[DATA EXTRACT]
-----

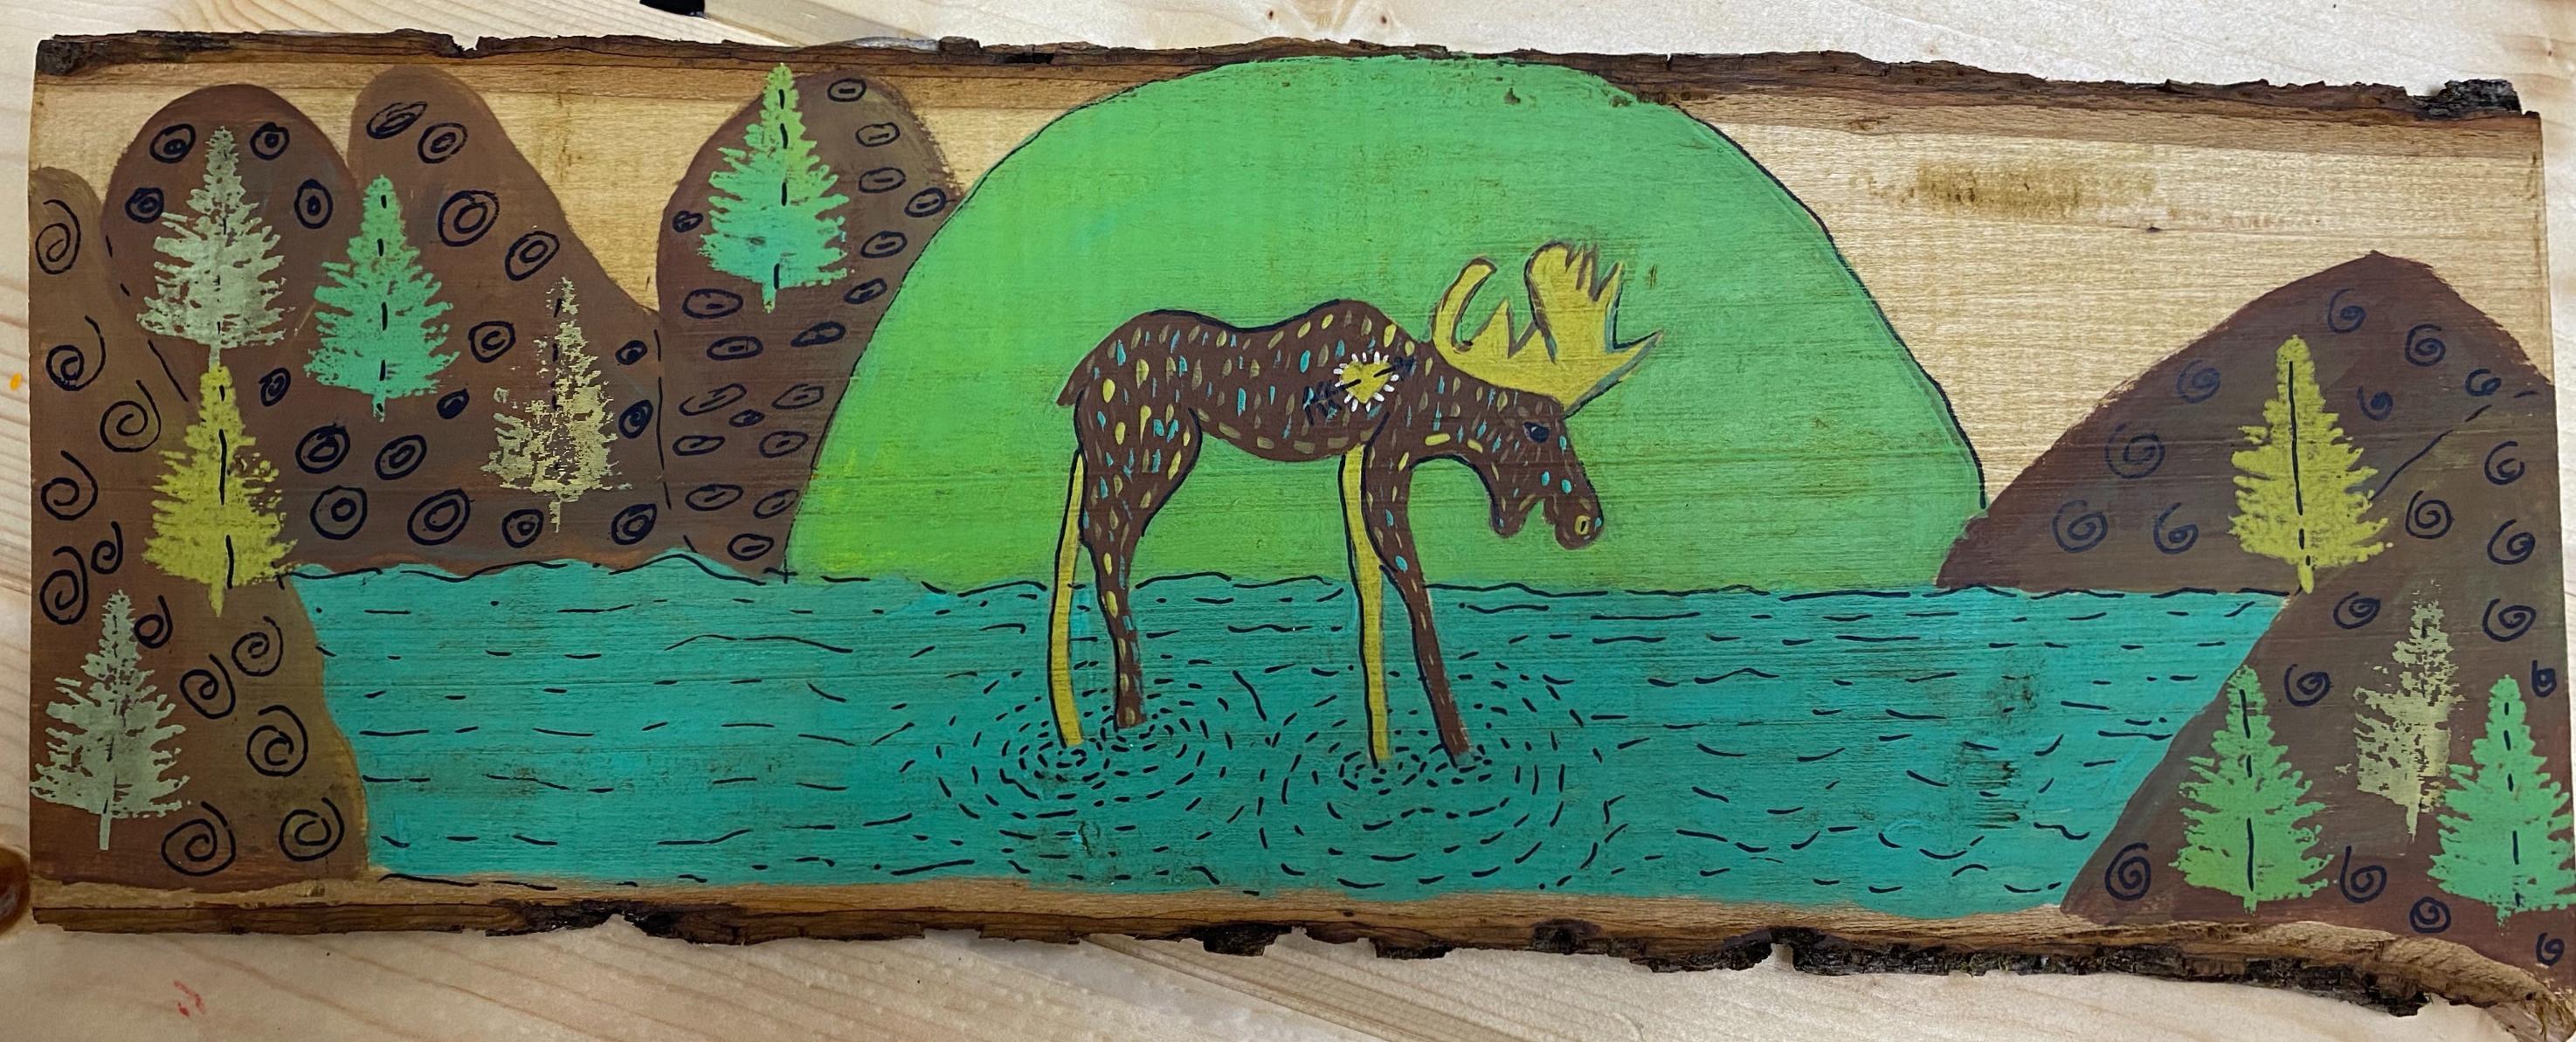 Woodland Creatures Moose 10/02 @ 11:22am
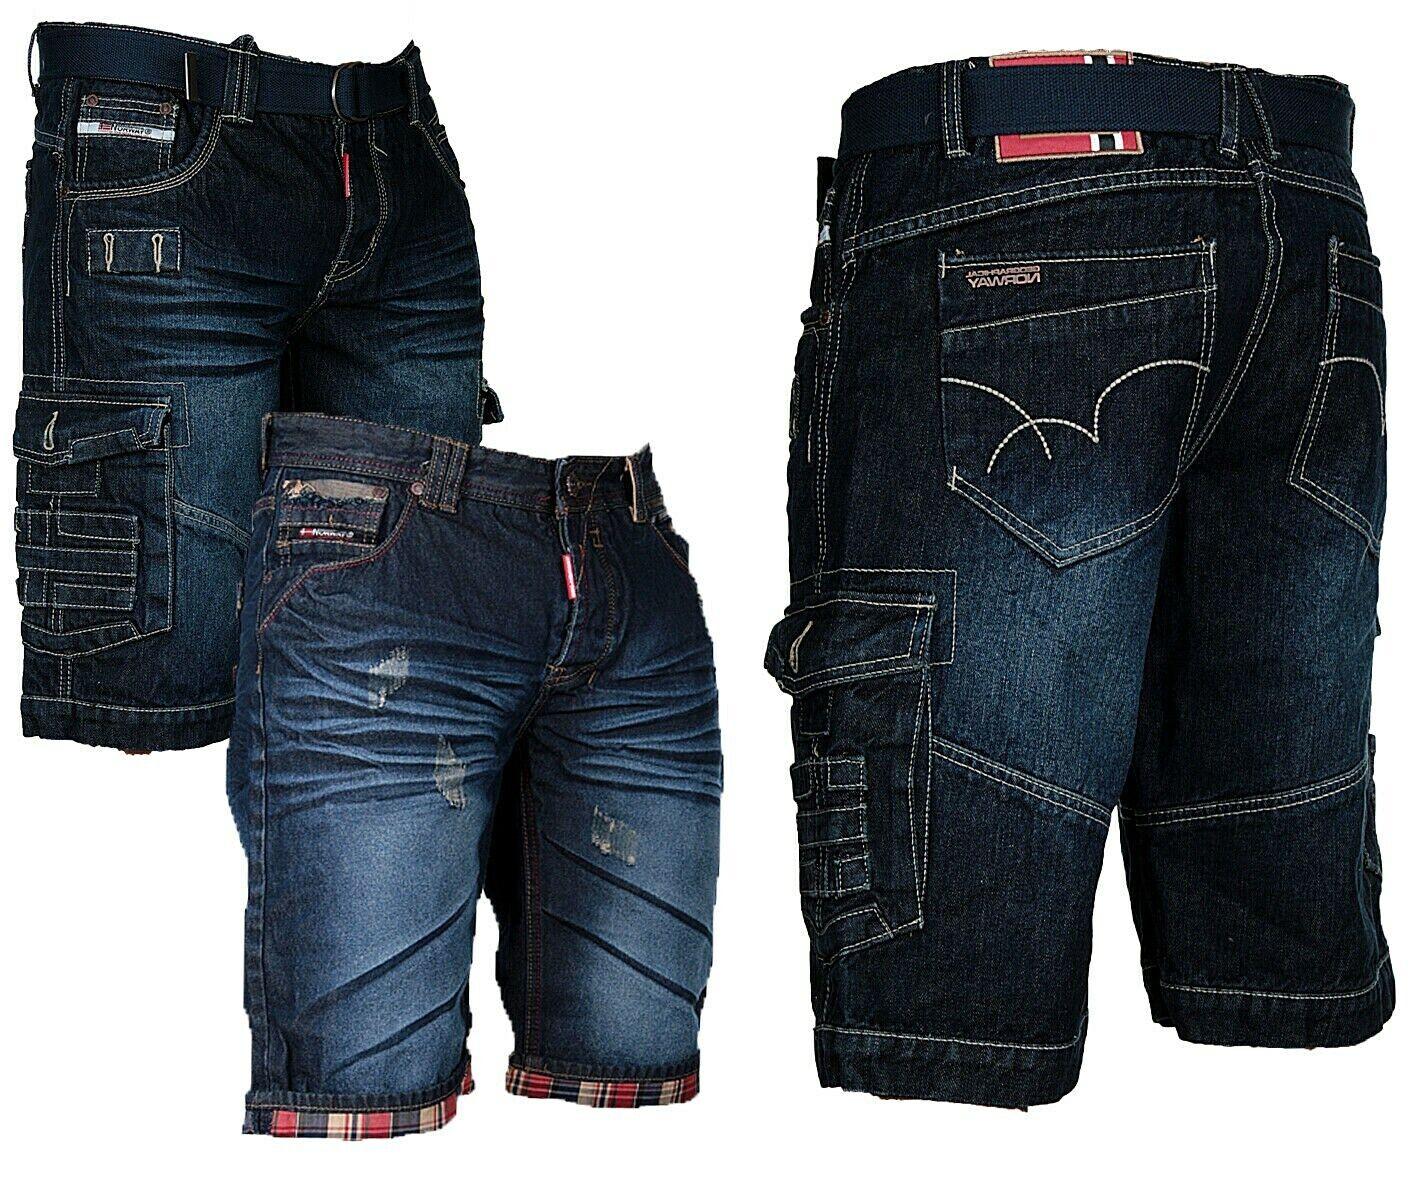 geographical norway Herren Cargo Shorts kurze hose Bermuda knielang Jeans short
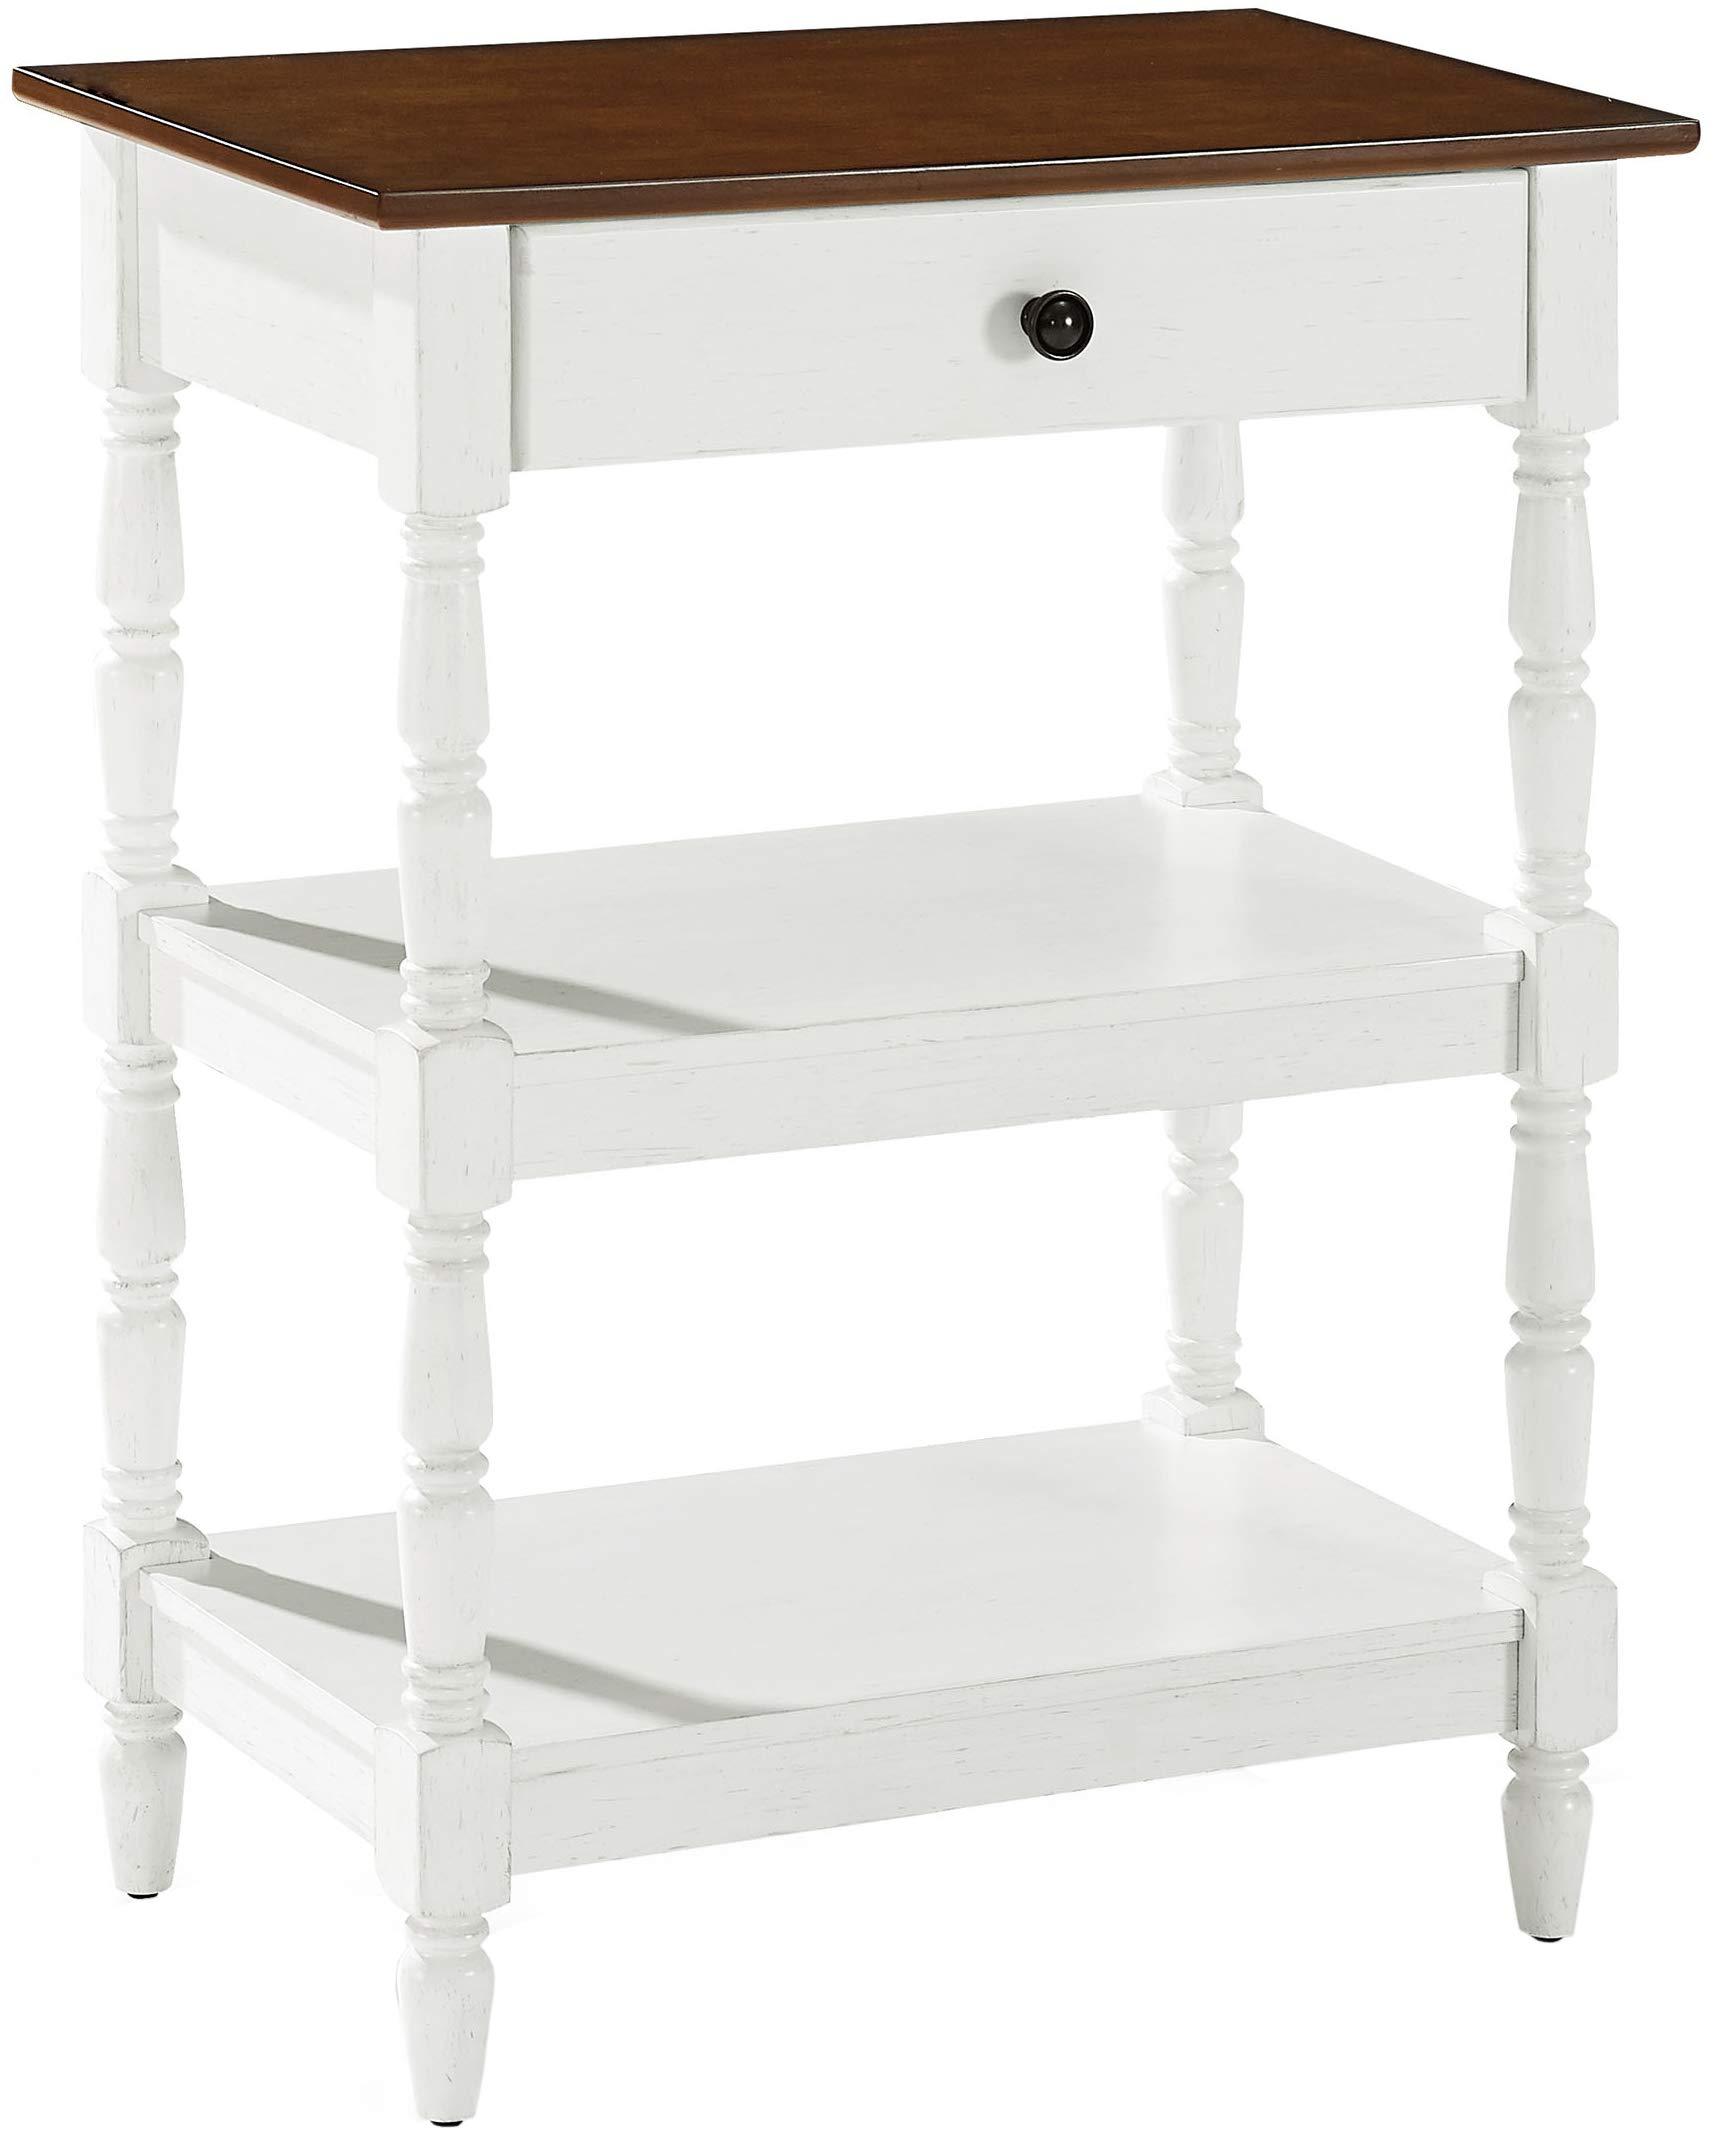 Crosley Furniture Heidi Rustic Accent Table, Distressed White

-----

[WHAT YOU WILL DO] Once the pictures are set aside, repeat the data above exactly.

[SOLUTION TO THE PROBLEM]
 Woodland Creatures Moose 10/02 @ 11:22am
 geographical norway Herren Cargo Shorts kurze hose Bermuda knielang Jeans short
 Crosley Furniture Heidi Rustic Accent Table, Distressed White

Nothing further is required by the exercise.